#### Entries provided
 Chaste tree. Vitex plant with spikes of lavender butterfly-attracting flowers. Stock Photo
########
#### Entries provided
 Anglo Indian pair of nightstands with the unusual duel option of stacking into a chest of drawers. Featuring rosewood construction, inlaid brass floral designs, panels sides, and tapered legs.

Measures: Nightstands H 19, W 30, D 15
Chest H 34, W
########
#### Entries provided
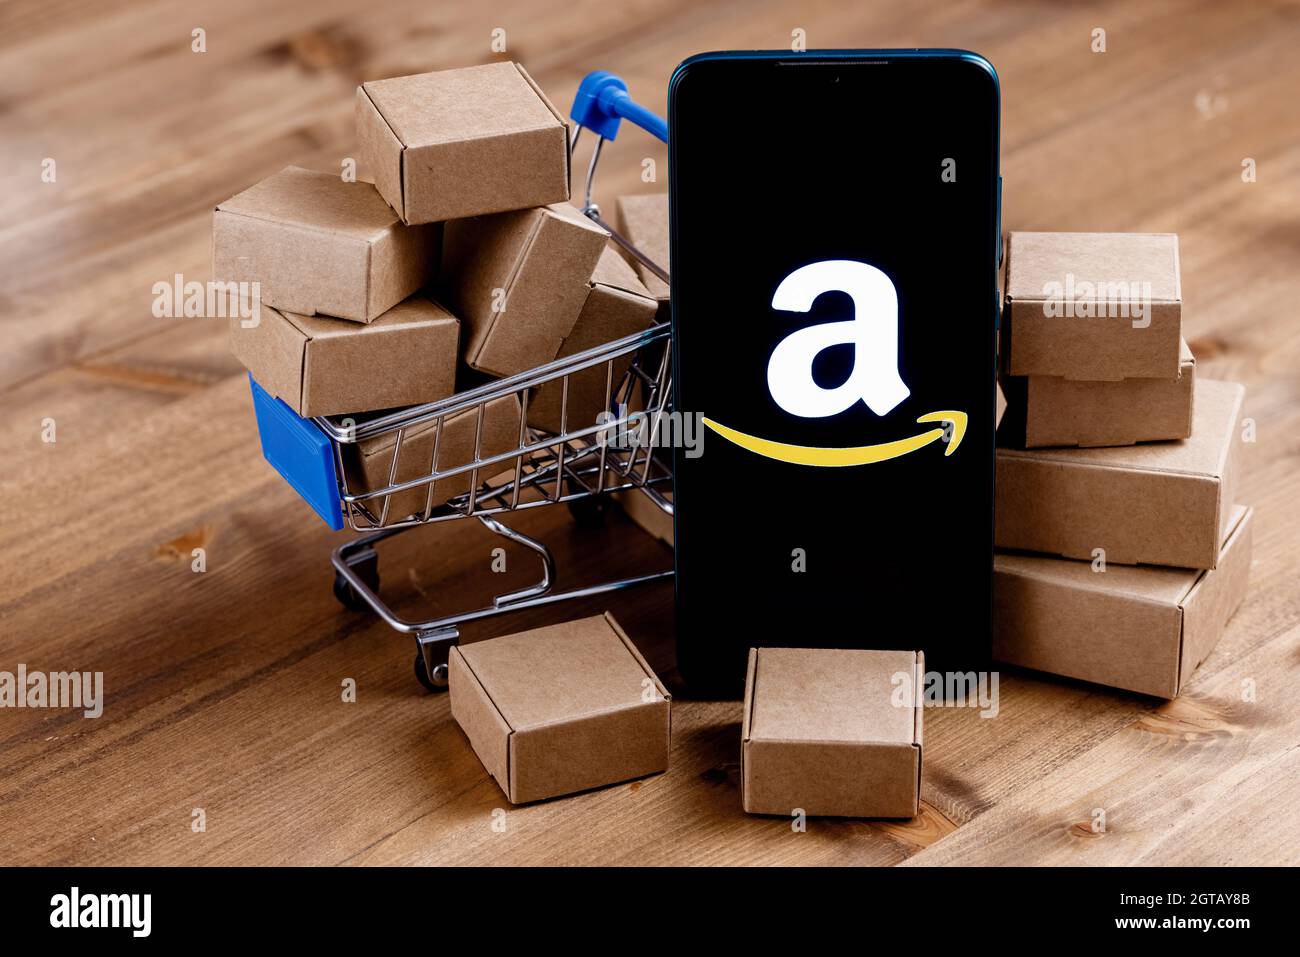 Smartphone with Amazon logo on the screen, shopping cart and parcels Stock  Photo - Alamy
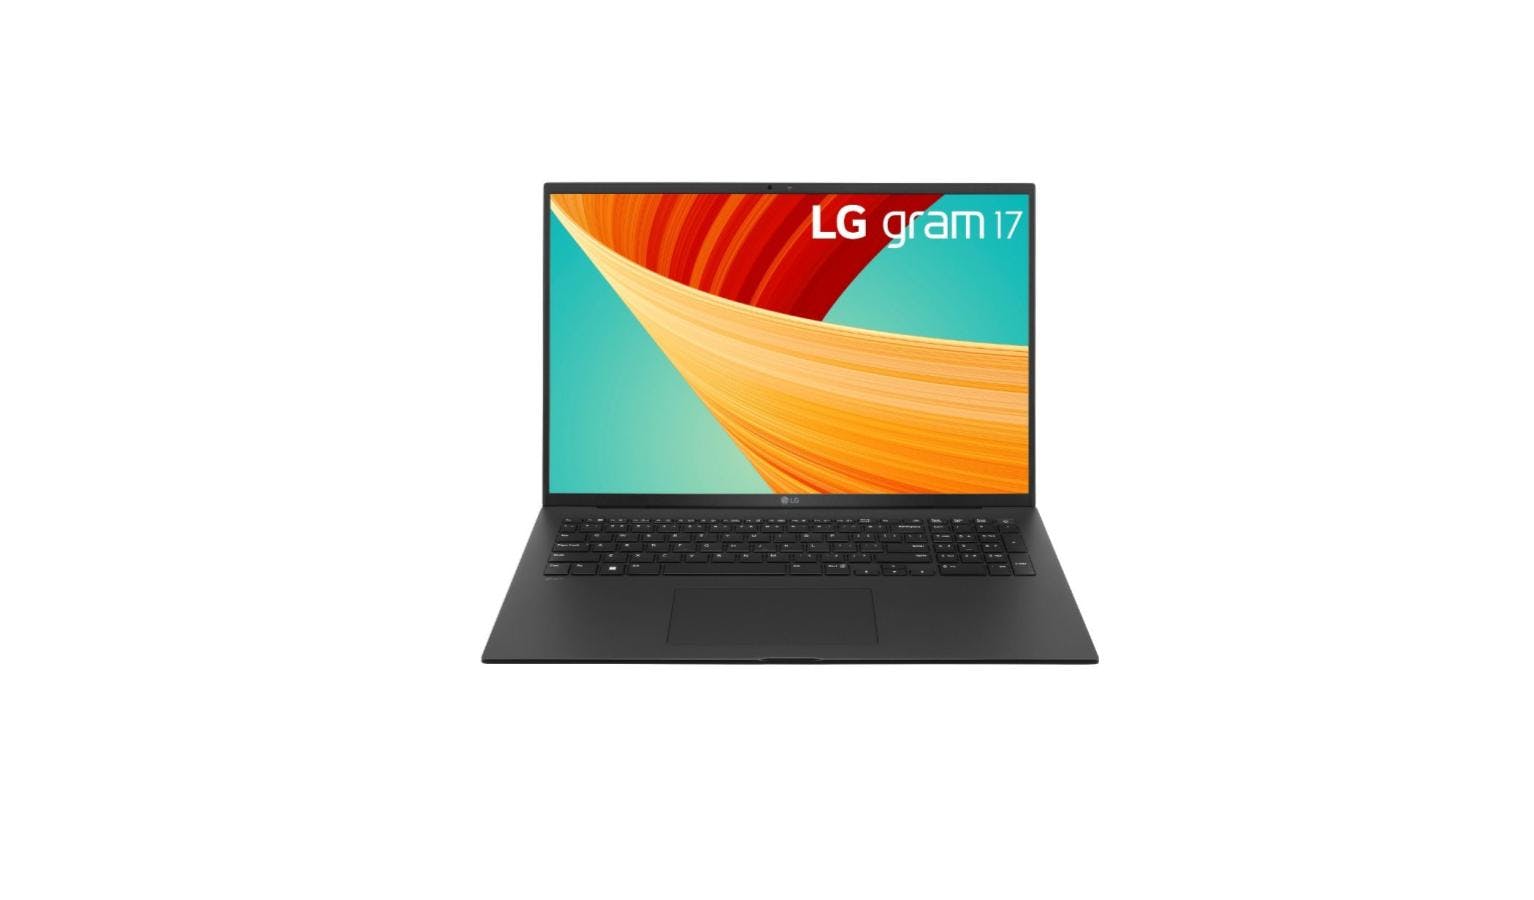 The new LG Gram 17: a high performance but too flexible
########
Description of the task: The required output is the stretch of entries above from the line containing "Anglo Indian pair" through the line containing "Chest H 34, W", reproduced exactly.

Result:
 Anglo Indian pair of nightstands with the unusual duel option of stacking into a chest of drawers. Featuring rosewood construction, inlaid brass floral designs, panels sides, and tapered legs.

Measures: Nightstands H 19, W 30, D 15
Chest H 34, W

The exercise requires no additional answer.